Karel C. Berkhoff
Karel Cornelis Berkhoff (geboren 1965) ist ein niederländischer Historiker mit dem Schwerpunkt Holocaust in der Ukraine und arbeitet als leitender Forscher am NIOD-Institut für Kriegs-, Holocaust- und Völkermordstudien in Amsterdam.[1]
Ausbildung
Berkhoff studierte Geschichte und Russistik an der Universität Amsterdam, schloss 1992 den M.A. in Sowjetischen Studien an der Harvard University ab und promovierte 1998 als Historiker an der University of Toronto bei Paul Robert Magocsi am Lehrstuhl für Ukrainistik.[2]
Wissenschaftliche Karriere
Berkhoff unterrichtet seit 2003 an der Universität Amsterdam und leitet dort den Master-Studiengang zum Thema Holocaust und hält Vorlesungen im Bachelor-Studiengang zum Thema „Massenmord und Gesellschaft“.[2]
Bis 2010 arbeitete Berkhoff als Forscher am Zentrum für Holocaust und Genozid-Studien in Amsterdam und nach dessen Fusion mit dem Niederländischen Institut für Kriegsdokumentation zum Institut für Kriegs, Holocaust und Genozidstudien (NIOD) weiter als leitender Forscher.
Forschung
Berkhoff beschäftigt sich hauptsächlich mit dem Zweiten Weltkrieg in Russland und Osteuropa und gilt als einer der besten Kenner der internationalen Forschung zur Ukraine während des Zweiten Weltkriegs.[3] Er war Berater für die ZDF-Dokumentation „Holocaust“ (2000).[4]

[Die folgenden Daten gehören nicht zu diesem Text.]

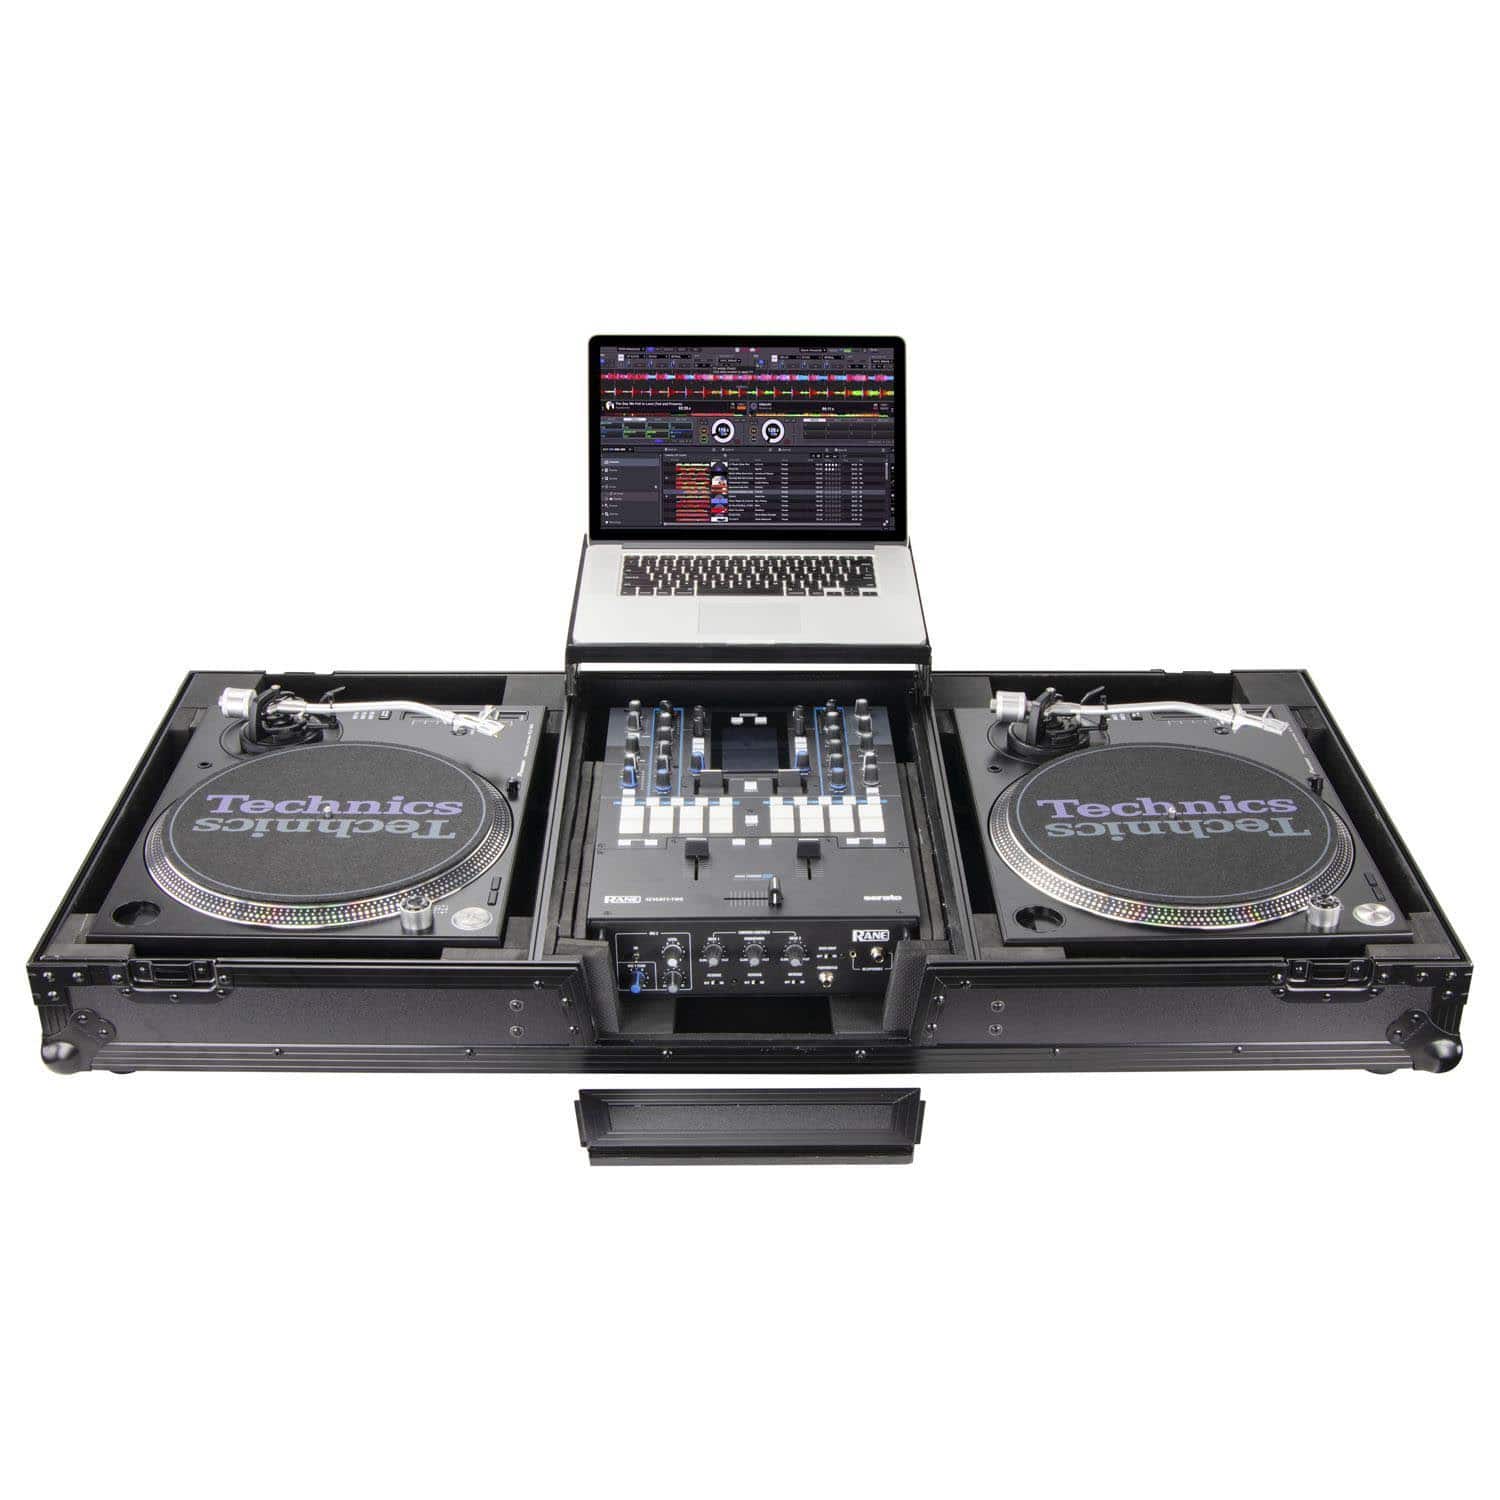 Odyssey FZGSLBM12WRBL Black Low Profile 12″ Format DJ Mixer and Two Battle Position Turntables Flight Coffin Case with Wheels and Glide Platform - Hollywood DJ
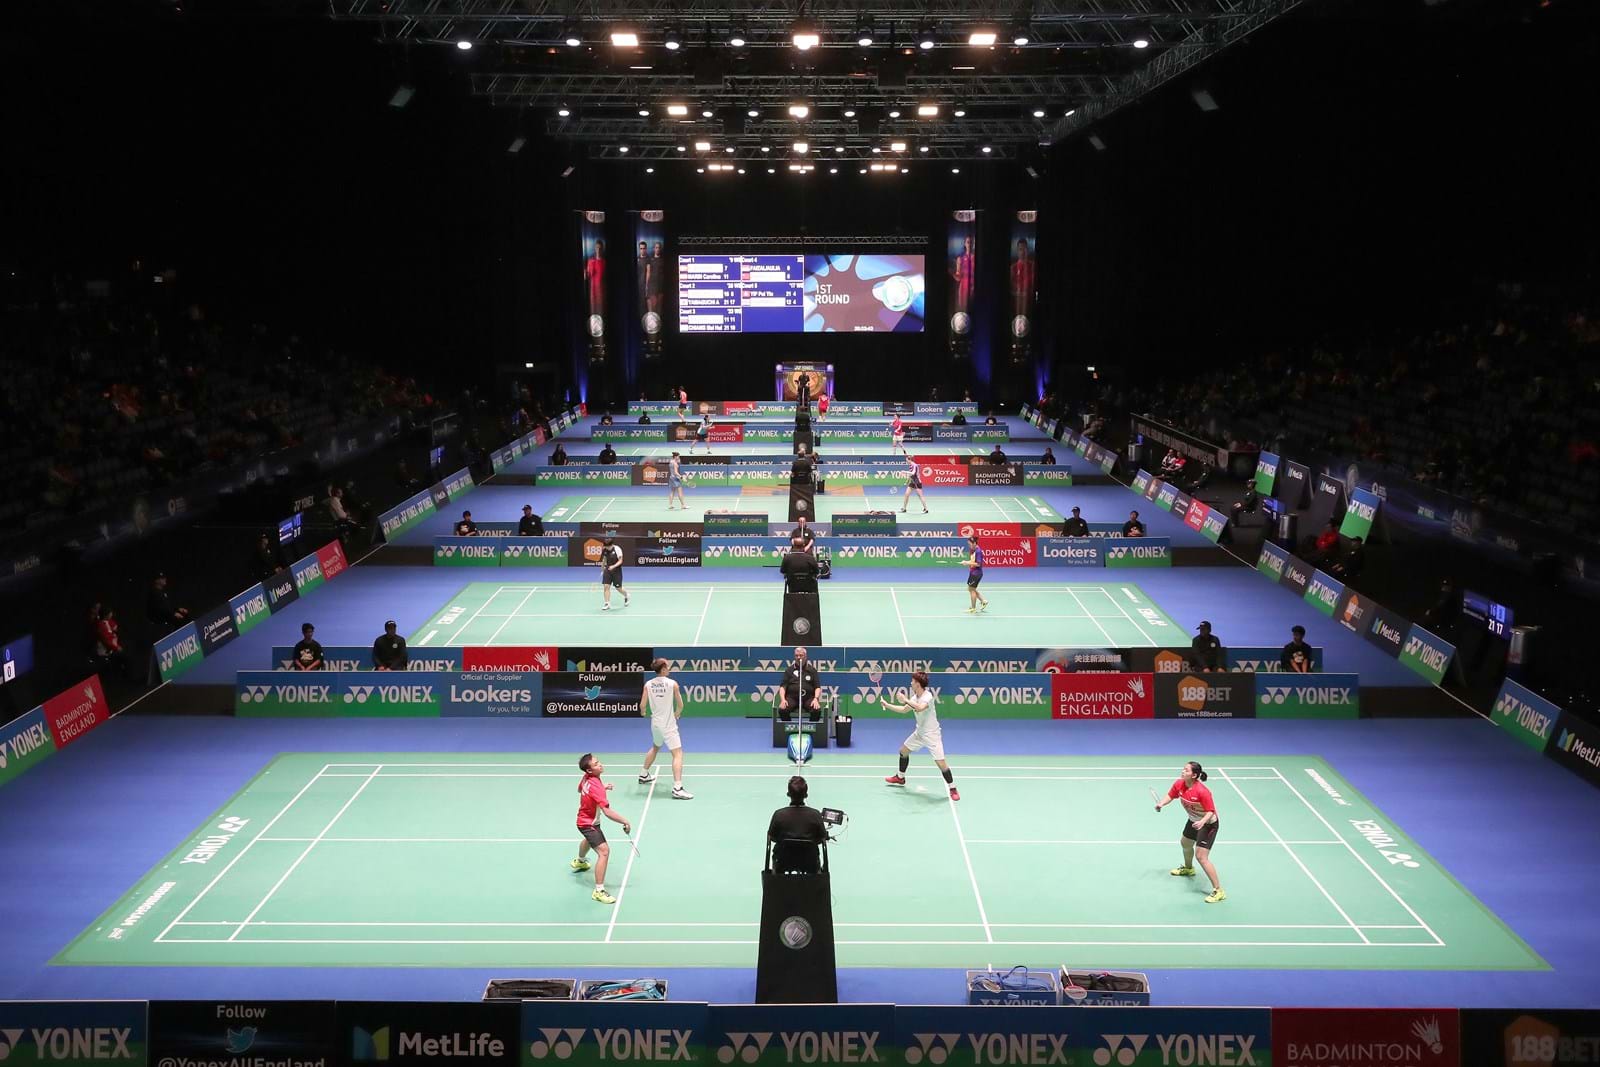 SUNSET+VINE SMASHES FOUR YEAR DEAL WITH BADMINTON ENGLAND

Bekannt wurde Berkhoff für seine Studie „Harvest of Despair“ zum Reichskommissariat Ukraine, „die auf absehbare Zeit Standards zur Geschichte der Region zwischen 1941 und 1944 setzen dürfte“. Von bisherigen Studien unterscheidet sich Berkhoff dadurch, dass er unter Verwendung zahlreicher Quellen die Geschichte der deutschen Besatzung vornehmlich aus der Sicht der Opfer darstellt, einem Querschnitt aus dem Alltagsleben, sowohl für die Landbevölkerung und die Stadtbewohner, neben Juden sowie Sinti und Roma auch für sowjetische Kriegsgefangene. Behandelt werden ethnische Identität und politische Loyalitäten, Religion und Volksfrömmigkeit, Verschleppung und Zwangsmigration, Hoffnungen auf Privatisierung des Bodens und auf den Aufstieg in Polizei und Hilfsverwaltung, sowie die folgenden Enttäuschungen und die Zerstörung des Landes.[3]
Schwerpunktmäßig beschäftigte sich Karel Berkhoff seither mit dem Massaker von Babyn Jar, dessen (medialer) Darstellung und der Pflege des Gedenkens und leitete zuletzt den Aufbau einer Online-Bibliografie über Fotografie des Holocausts.[5]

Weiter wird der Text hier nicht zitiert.